Triumphant, the band kicks into their song “Home,” a duet between Ebert and Castrinos, with the chant-along chorus, “Home is wherever I’m with you.” The room rejoices.
“I didn’t know anything about the band," festival director Lambaria says, a tone of confused wonder in her voice. “I’d heard maybe 30 seconds of them on audio clips. But all I know is something happened that night. Something really magical. I mean, my three best friends next to me, who had never heard the band before either, cried during the show. There was spirit in that room. I don’t know what it was, but something was released that night. Something profound happened.”

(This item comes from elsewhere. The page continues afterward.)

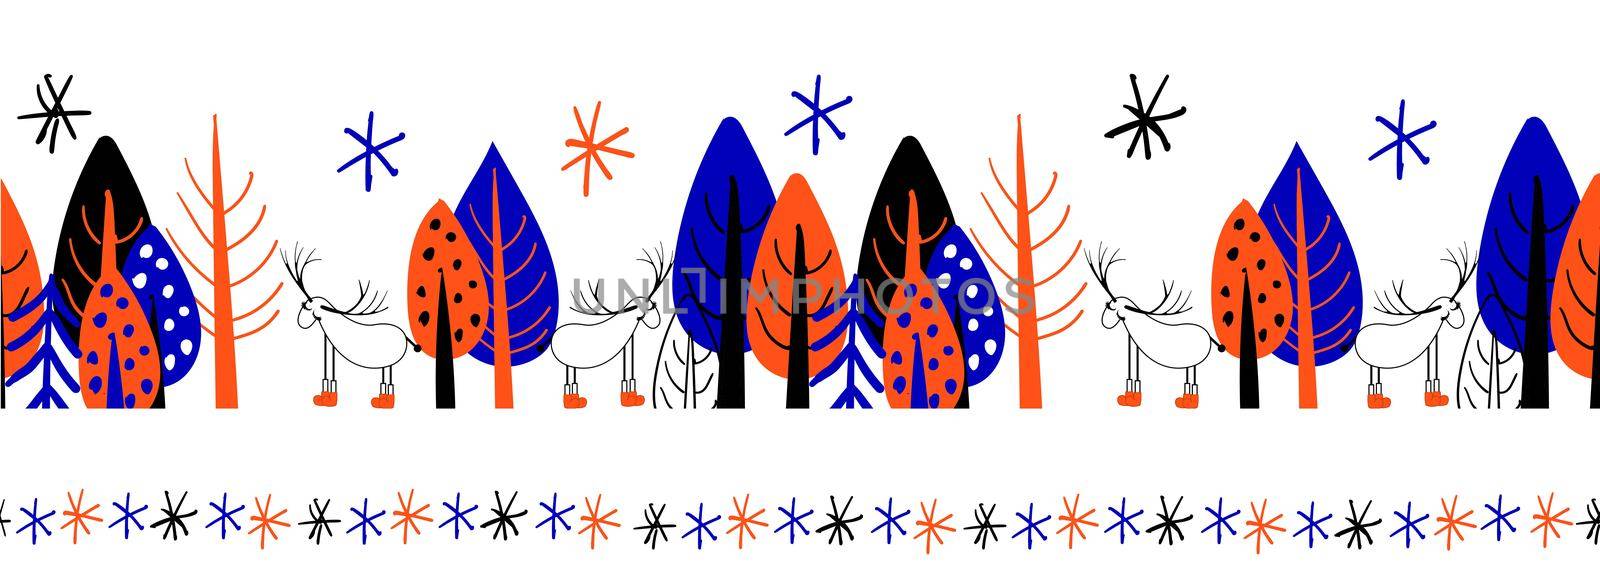 Seamless border, repeating ribbon. Blue and orange colors. Cute cartoon trees on a white background.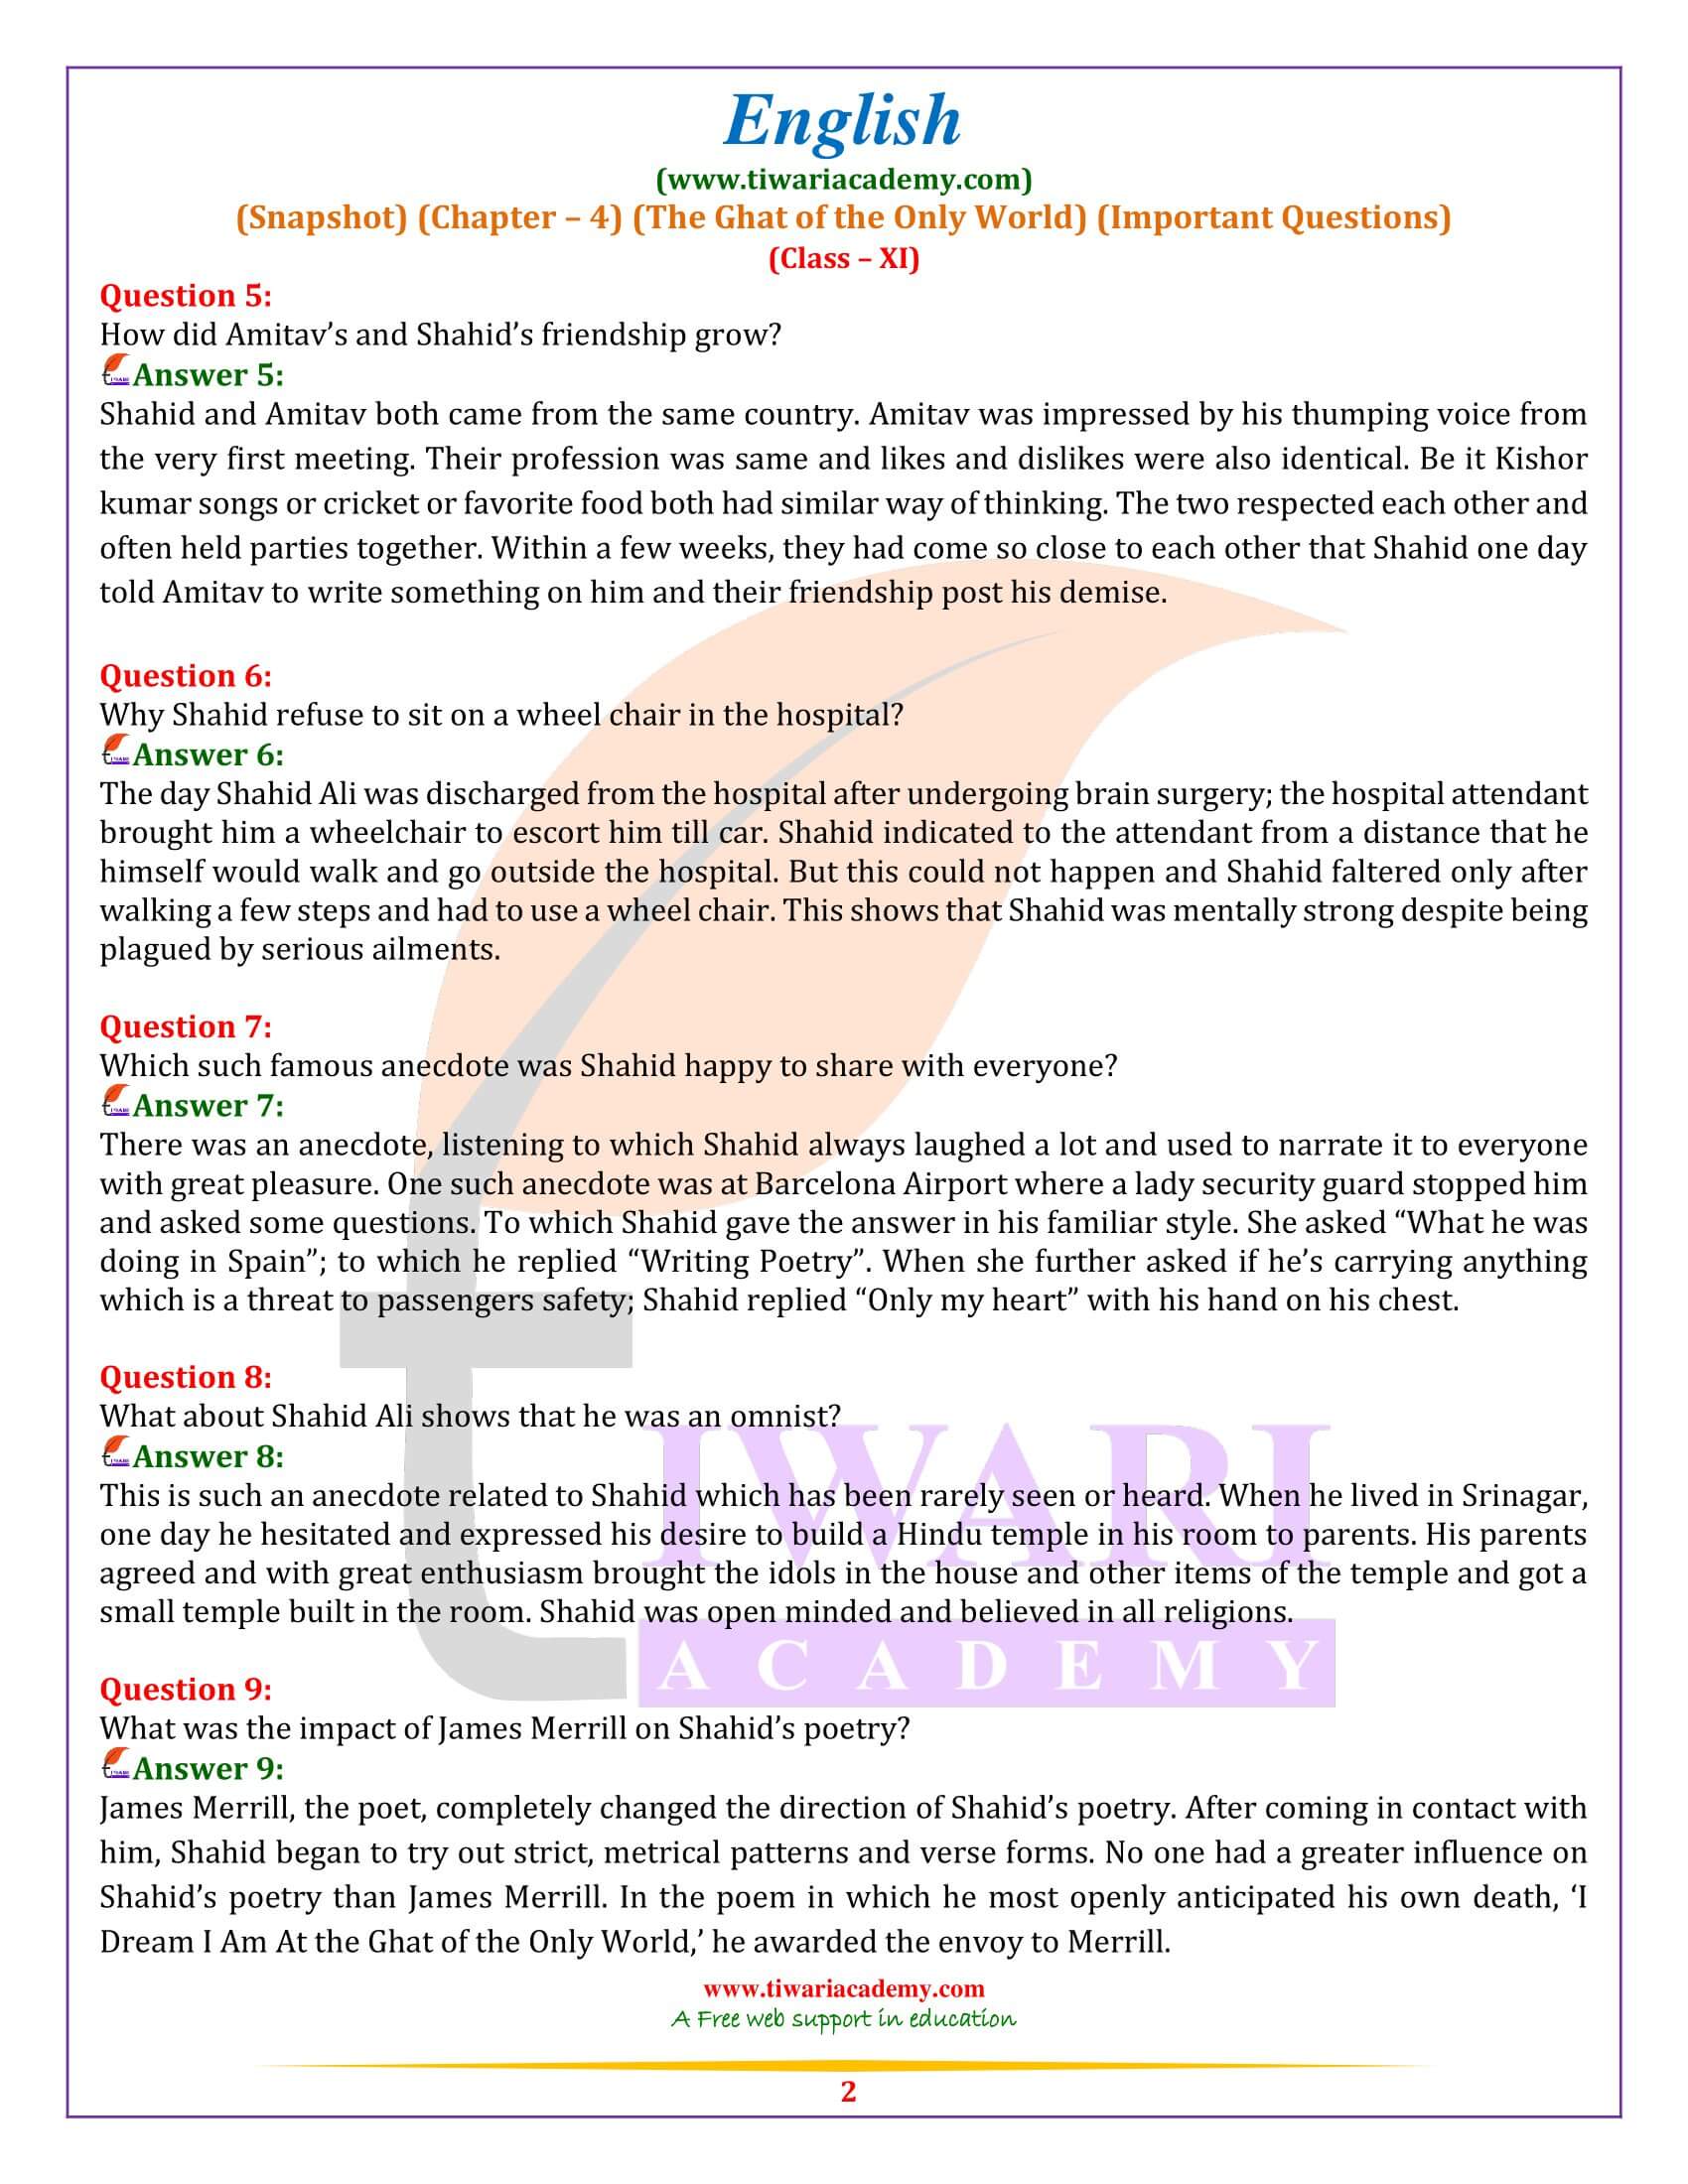 Class 11 English Snapshots Chapter 4 Extra Questions

“It gives me chills just thinking about it,” Ebert says. “People were crying, and that was exactly what it felt like from onstage. But it’s so hard to explain.” He puts his hands together, trying to capture the feeling nonverbally, and then fans them apart. “It was like ... it was like ... bursting into light. I don’t know. It’s something I never ever experienced in my life before. Ever. Not even close.”
For all the members of the Masses in the room, the night, and the trip to Marfa, becomes a sort of affirmation, some nod that everything works itself out, and that money, or lack thereof, isn’t the point, nor is the presence of a Big Name Celebrity on their masthead.
“It was definitely a feeling of, ‘The spirit is alive,’” Amato says, “‘and the beat goes on.’”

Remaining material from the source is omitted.